Dogs and green coats

The blogs that I like best, like Andrew Sullivan‘s and Ta-Nehisi Coates‘s, bounce around to a bunch of different topics, more or less like I do. The fact is, though, it’s easier for a new blog to get attention if it’s specialized: fashion, politics, sports, science, Christian, literary, whatever.

But don’t worry. Although I’m pretty sure no one has covered this niche, the preponderance of posts having to do with dogs and/or springtime-green coats is not going to become the sole focus of this blog. But at the risk of beating the topic to death, I did want to share a couple more pictures that I found of Milo and me while perusing my hard drive.

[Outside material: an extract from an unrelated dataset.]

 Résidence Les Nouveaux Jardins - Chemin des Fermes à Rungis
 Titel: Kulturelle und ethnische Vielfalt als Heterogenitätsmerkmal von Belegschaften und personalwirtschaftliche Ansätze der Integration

I’d lived in Boston for a good 10 years before succumbing to the need for a puffy coat, but having a dog who requires a morning walk quickly made it obvious that fashion was going to have to take a back seat to necessity. So I chose — of course! — a nice springy green one from Land’s End L.L. Bean. It arrived in the mail, and I tried in on, and then came upstairs to model it for Mr. Improbable and Milo.

Milo, whom we’d only had for a few months, completely flipped a nutty when the Stay-Puft Marshmallow Woman came at him. The hood covered my face, and the strong plastic-y odor of the coat’s wrapping masked my own smell.


Once he realized it was me, of course, we made up.


Take a look, though, at his body language in that first picture. That is one scared dog. Look how far down his ears are tucked, how much eye-white you can see, how his hindquarters are bunched under him, ready to protect his vitals, or to spring. Everyone knows to beware of a dog that is snarling, hackles up, baring its teeth. But a dog who looks like Milo does here can be just as dangerous, if not more so. The vast majority of the time, a normal dog’s aggression is not driven by “dominance” issues, but by fear.

Kind of like people.

So maybe the next time you’re faced with an angry coworker, or in-law, or child, if you can, take a step back and ask yourself what’s really motivating them. Often, treating angry people as though they are afraid can be a remarkable way of defusing tension.